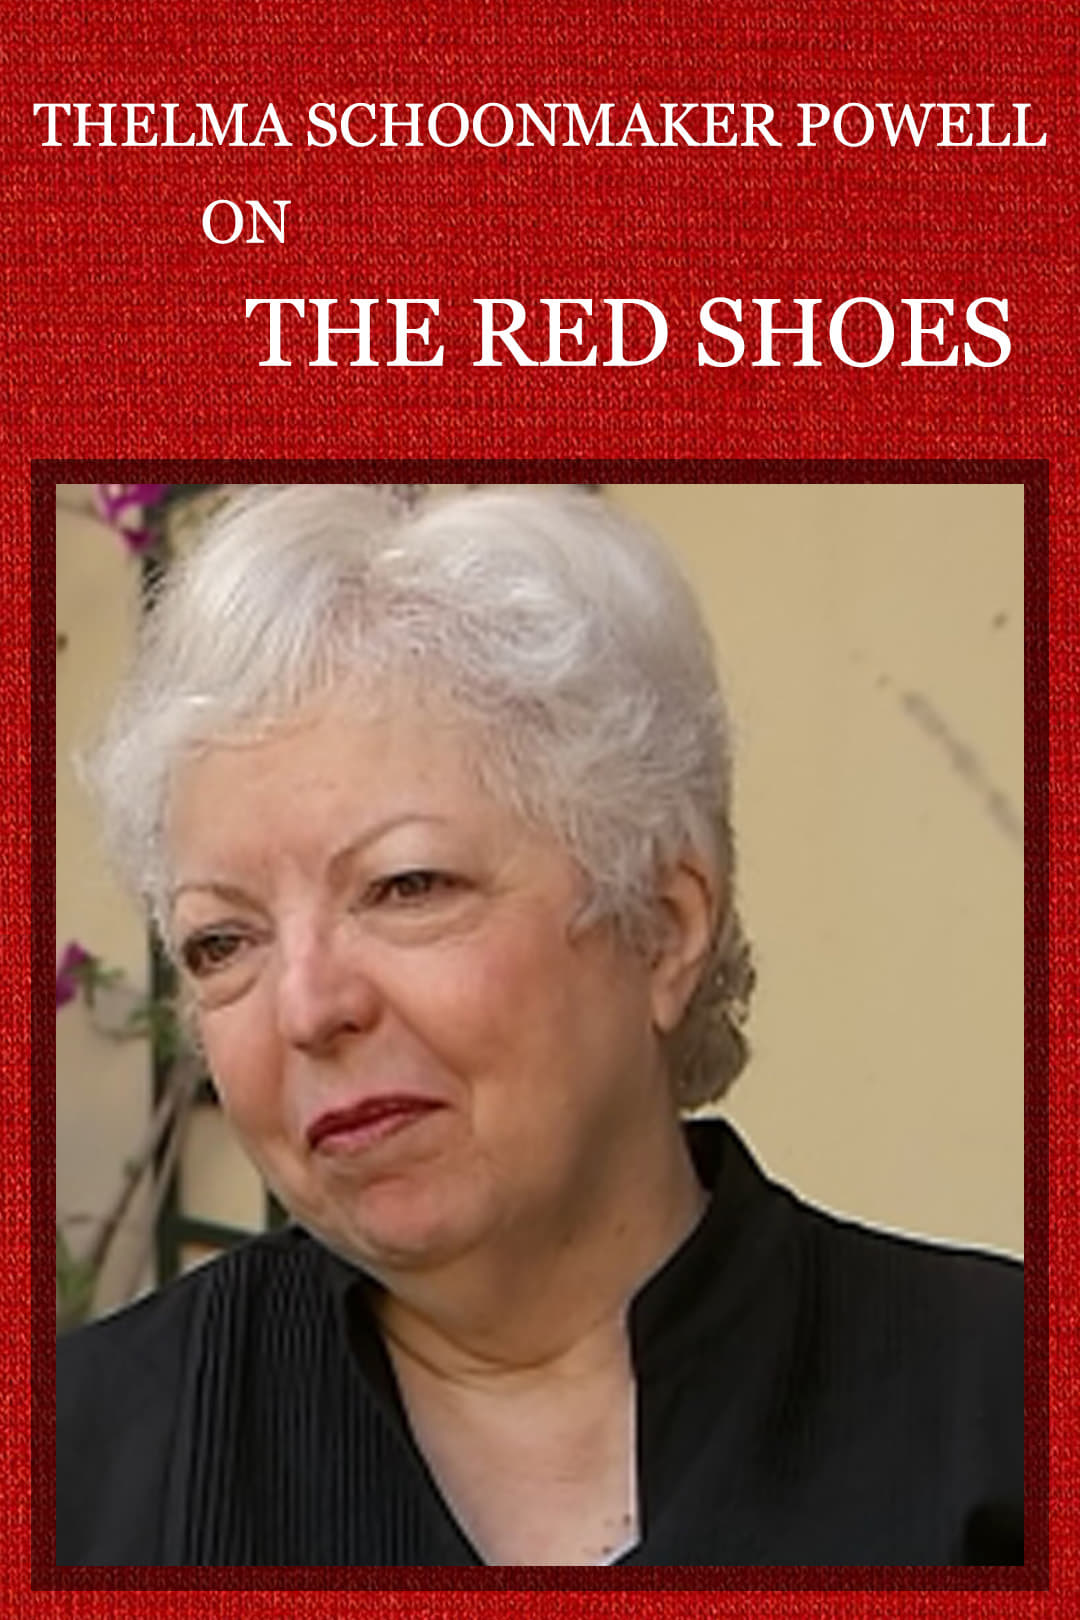 Thelma Schoonmaker Powell on 'The Red Shoes'
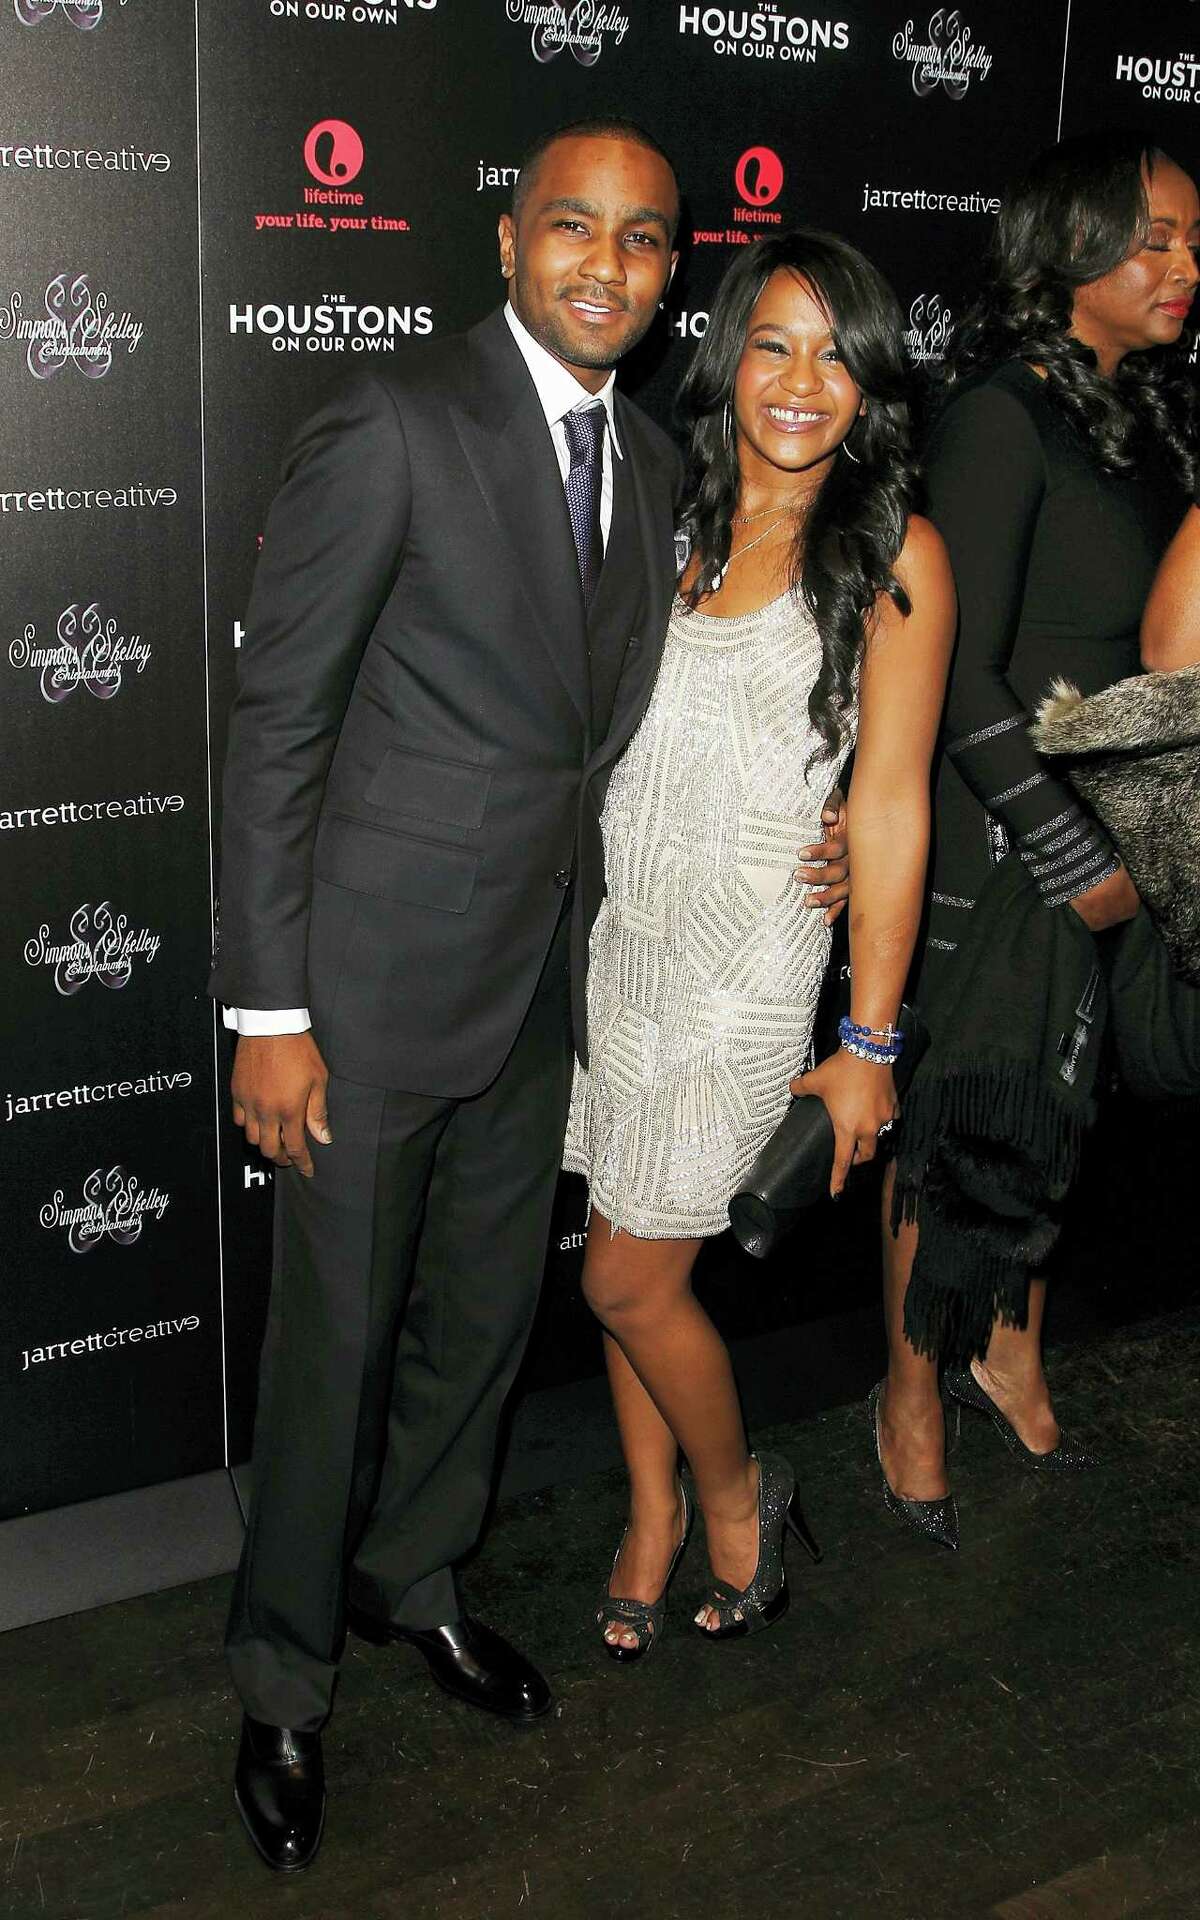 This Oct. 12, 2012, file photo shows Nick Gordon and Bobbi Kristina Brown attending the premiere party for “The Houstons On Our Own” at the Tribeca Grand hotel in New York. A judge in Atlanta on Friday, Sept. 16, 2016, ruled against Gordon, in a wrongful death lawsuit filed by her estate. Fulton County Superior Court Judge T. Jackson Bedford signed an order saying Gordon repeatedly failed to meet court deadlines in the case and, therefore, the conservator of her estate wins by default.
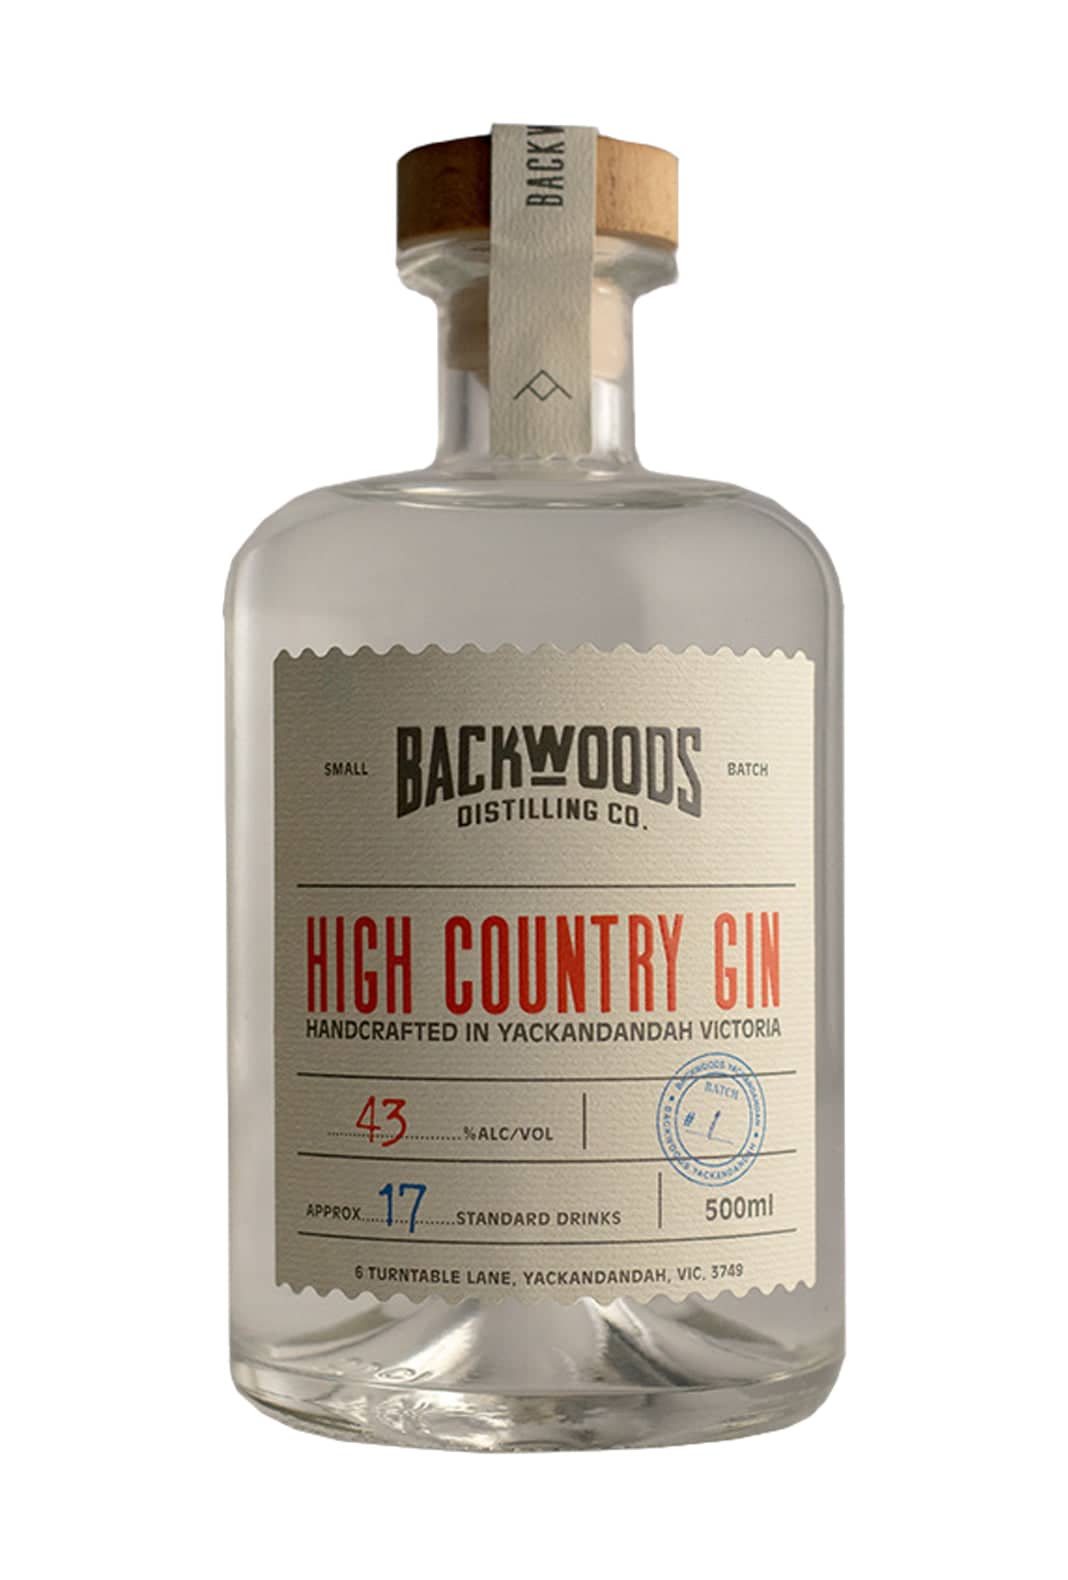 Backwoods High Country Gin 43% 500ml | Gin | Shop online at Spirits of France

BRIEF: Your copy should consist only of the lines from the line holding "This Oct. 12, 2012, file" through the final line of the listing above, both included, with all pictures omitted.

OUTPUT BELOW:
 This Oct. 12, 2012, file photo shows Nick Gordon and Bobbi Kristina Brown attending the premiere party for “The Houstons On Our Own” at the Tribeca Grand hotel in New York. A judge in Atlanta on Friday, Sept. 16, 2016, ruled against Gordon, in a wrongful death lawsuit filed by her estate. Fulton County Superior Court Judge T. Jackson Bedford signed an order saying Gordon repeatedly failed to meet court deadlines in the case and, therefore, the conservator of her estate wins by default.
 Backwoods High Country Gin 43% 500ml | Gin | Shop online at Spirits of France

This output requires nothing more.